Про конференцию Марк заговорил от нечего делать, вернее, от невозможности делать что-либо еще, кроме как говорить. Это неведомое карабинеру историческое событие было единственным хлипким мостком, связавшим для Марка прошлое, неважно какое, с его личным конкретным нерадостным натоящим. Объяснить подробнее этот феномен, вообще хоть как-то его объяснить он не мог. К сожалению, в первой же трети навязчивого повествования в замутненном сознании вдруг всплыло недоброе подозрение, что Ленин на Генуэзскую конференцию так и не приехал… А как без Ленина? Он загрустил и вскоре подписал заявление о краже, без уговоров и уточнений скрепил подписью протокол задержания, посыпал, будто голову пеплом, квитанцию об уплате штрафа диковинным образом задержавшимися в кармане купюрами. Одну ему вернули назад, самую незначительную. Штраф полагался за «попытку осквернения памятника культуры, находящегося под охраной ЮНЕСКО». Какой именно памятник – не уточнялось, в конце концов весь город Генуя пользуется покровительством ЮНЕСКО; недотрога чертов.

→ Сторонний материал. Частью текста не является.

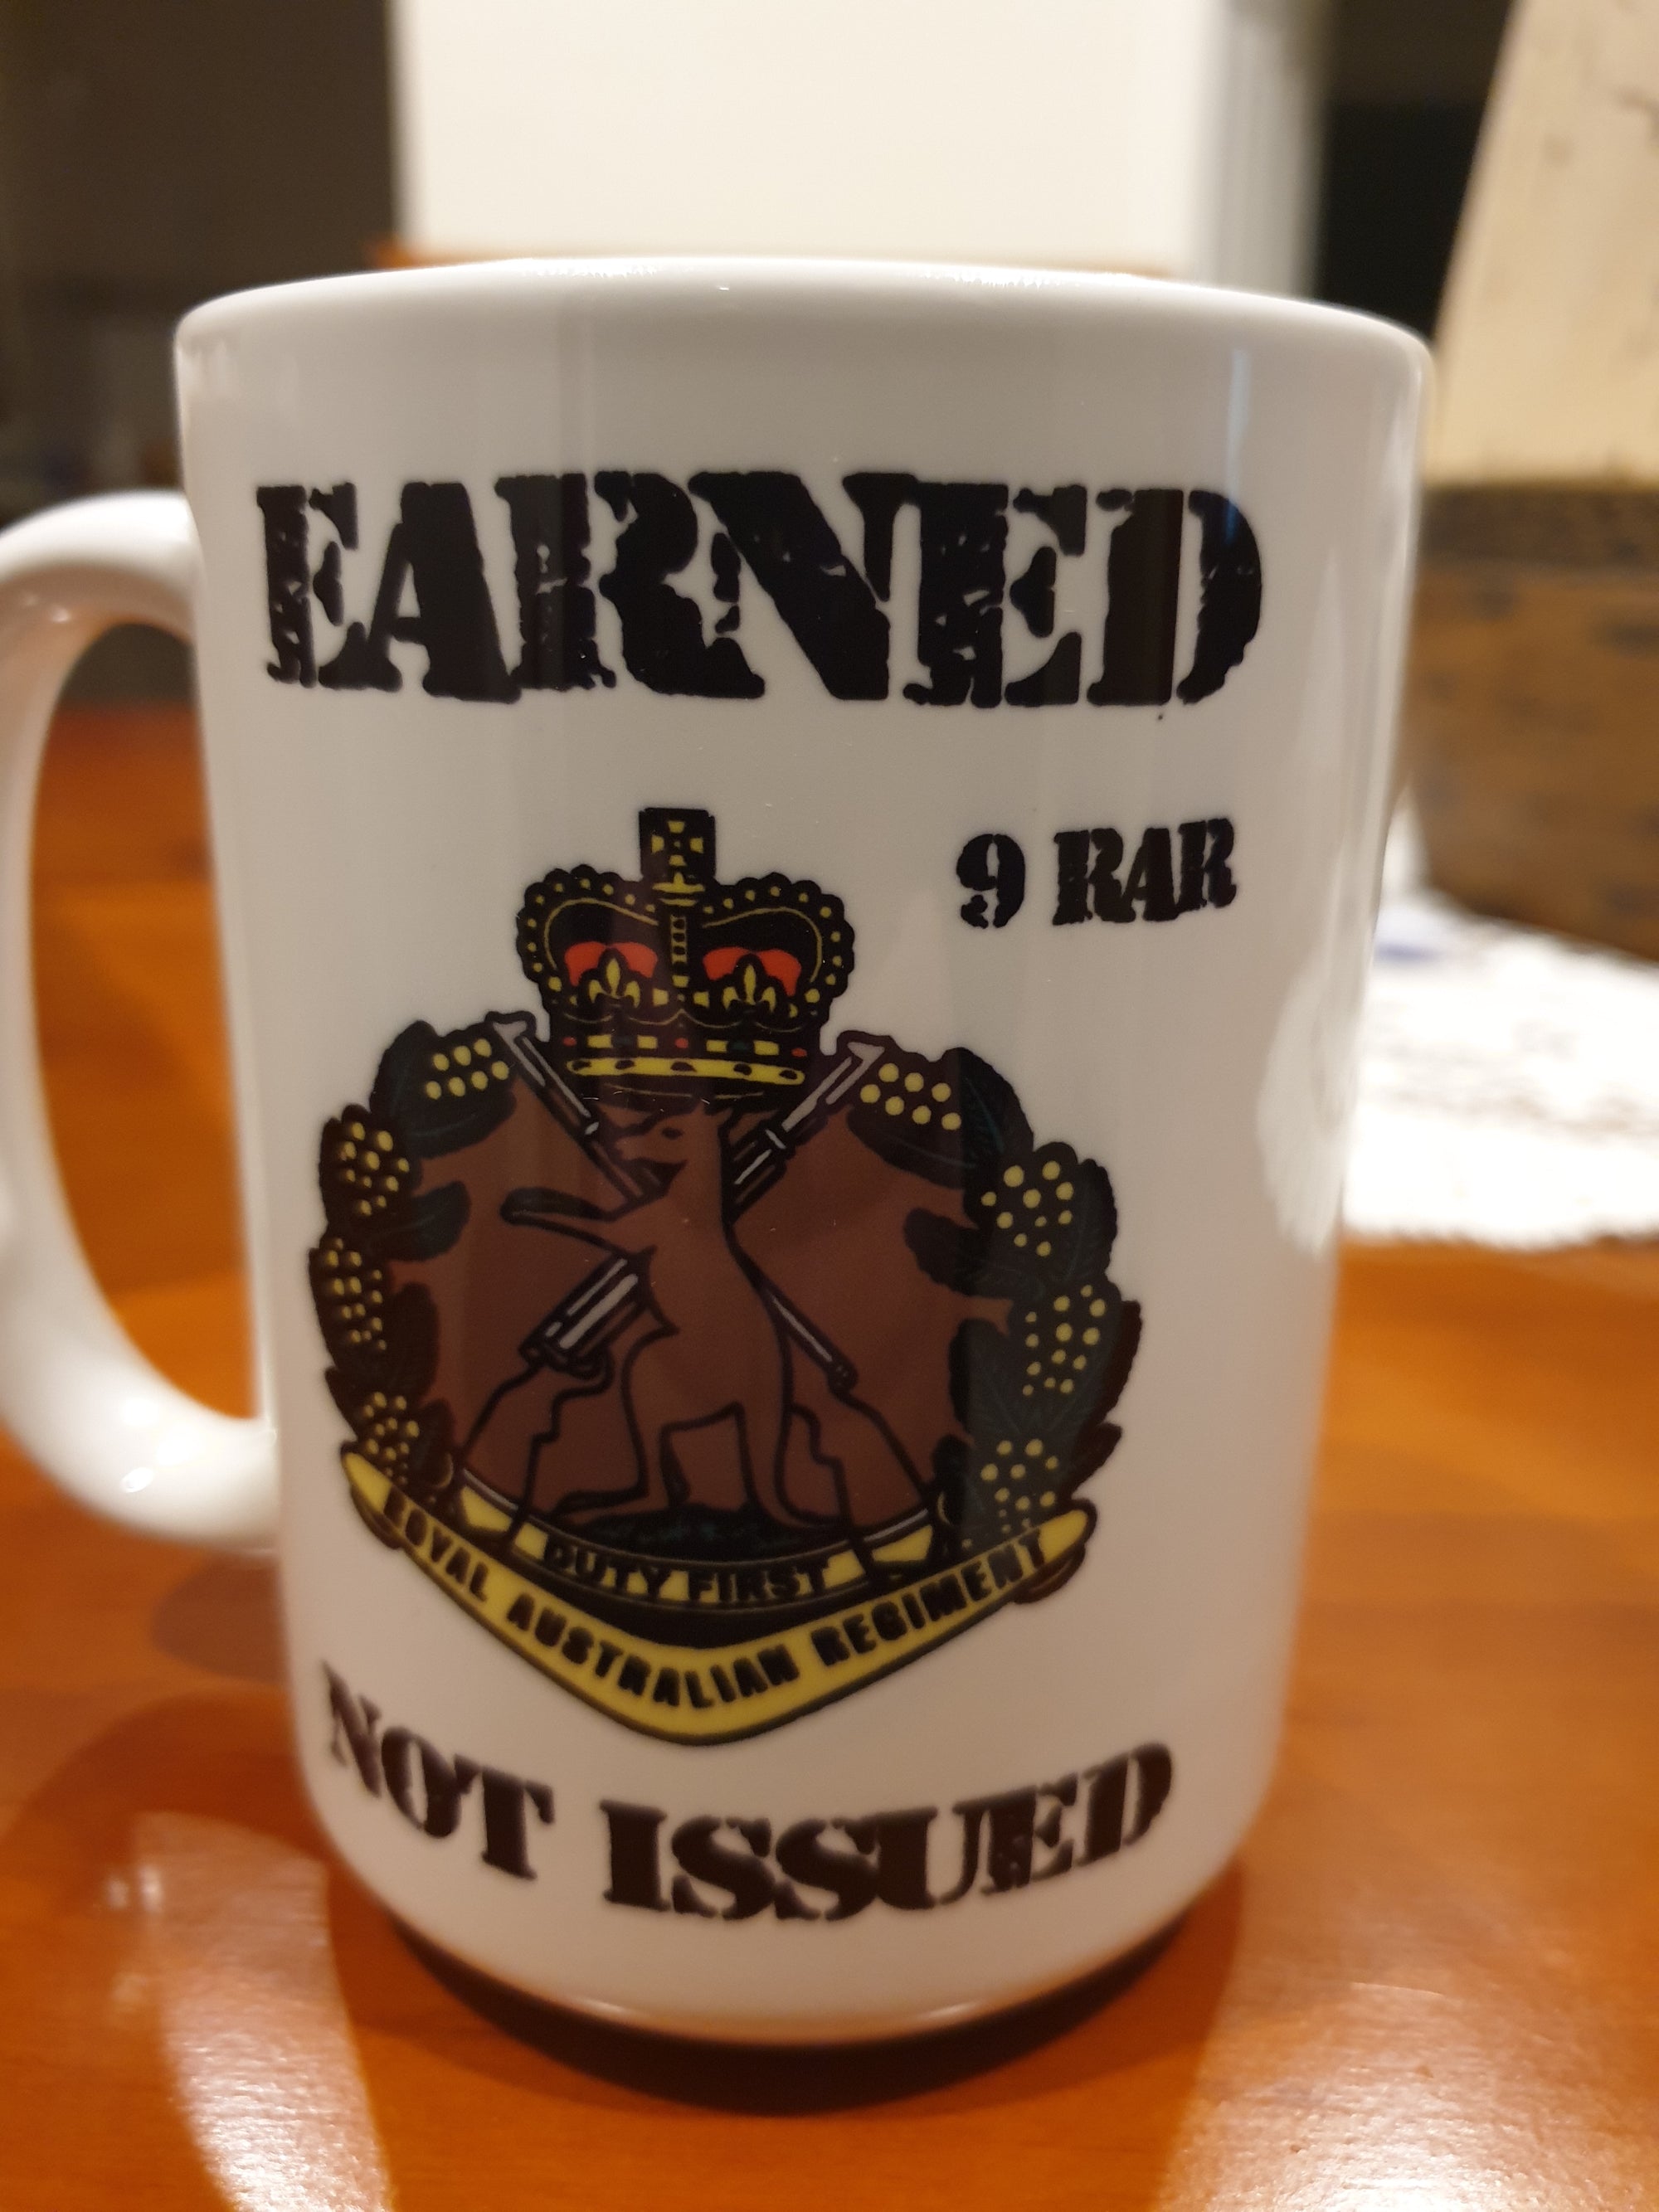 15 OZ  9 RAR Earned not issued   Mugs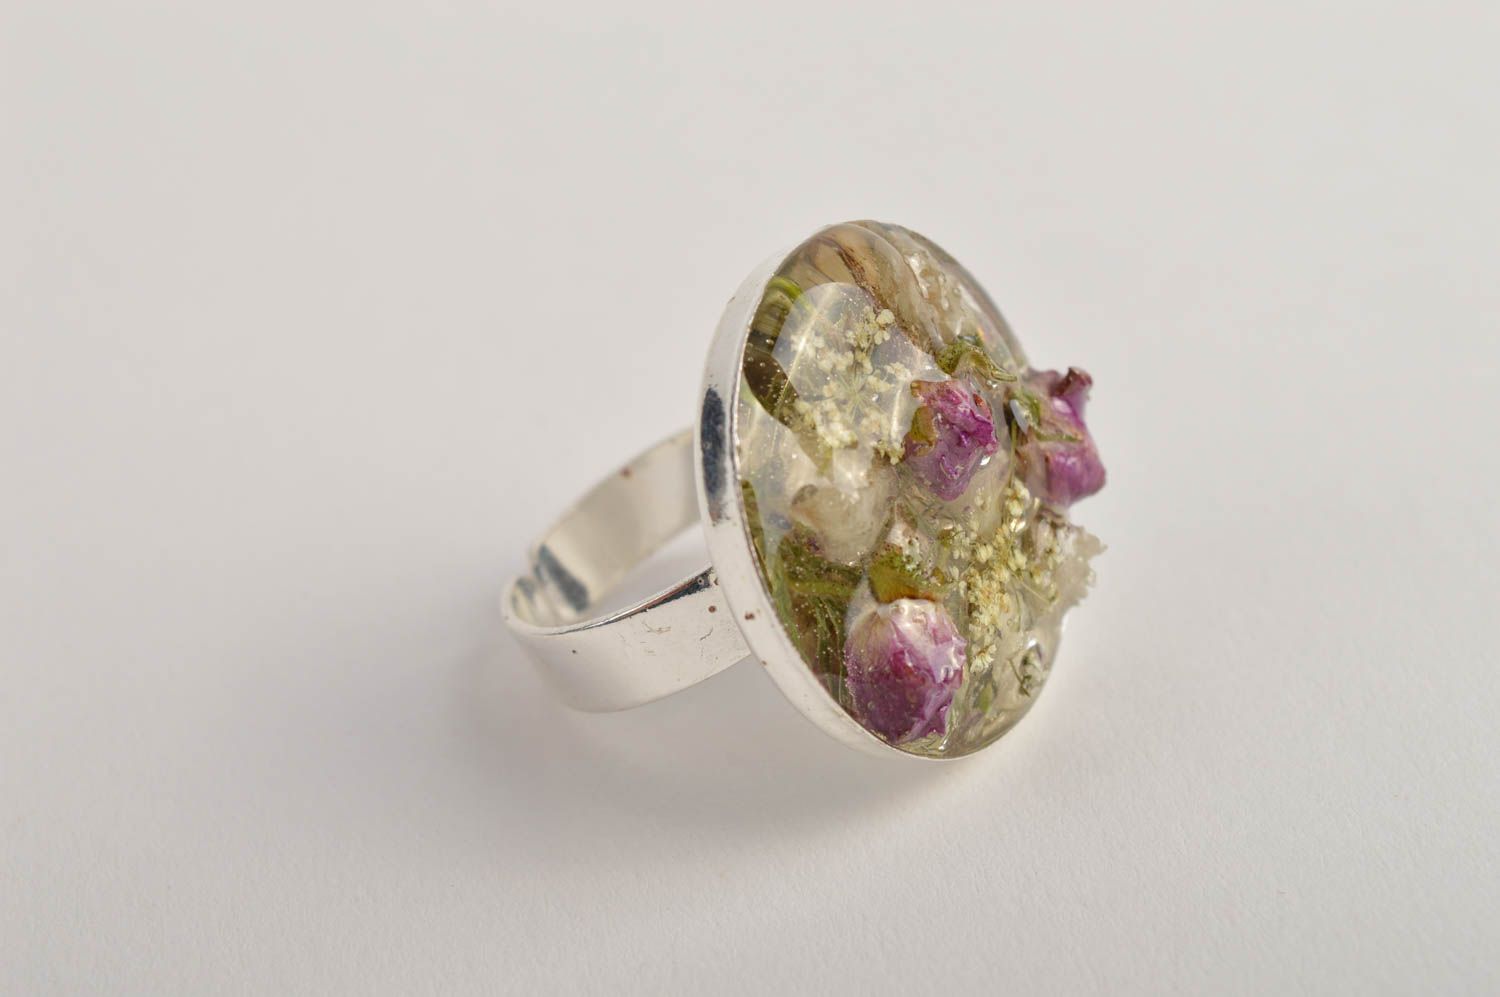 Кольцо ручной работы кольцо из эпоксидной смолы и цветов модное кольцо авторское фото 2

«Угораздило же на памятник нассать, – еще раз устыдылся самого себя Марк. – С другой стороны, неплохое, похоже, место, если у них это за «попытку» считается. С нашими ментами – полицейскими, полиментами… – такого бы послабления точно не вышло, с нашими – только задумал, уже плати… И полицейские клёвые в этом городе, куда Ленин не ездил. Потому, наверное, и клёвые. А ЮНЕСКО? Его поставили памятники охранять, а оно кому не поподя осквернять их позволяет… Им бы только бабки стричь… Полиция в Генуе клёвая, а ЮНЕСКО такое же, как наши менты полицейские…».
Через четверть часа, потребовавшихся для оприходования средств в городскую или какую другую казну, Марк был отпущен на все четыре стороны, хотя способен был различить только одну. В нее и направился, не выбирая.
На «Тортуге» Марка признали, посочувствовали и поспособствовали возвращению в мир. Облагодетельствовали. Всё даром. Про товарища своего вчерашнего он не выспрашивал, понимал, что глупо, бессмысленно. Вобщем, через некоторое время ему стало намного легче, а когда Марк вернулся на лодку, то нашел на столе в кокпите завернутыми в салфетку из пицерии кредитные карты, вытащенную из телефона «симку» и квитанцию из местной прачечной. Лодку не вскрыли, заначка была на месте, «деламан» тоже.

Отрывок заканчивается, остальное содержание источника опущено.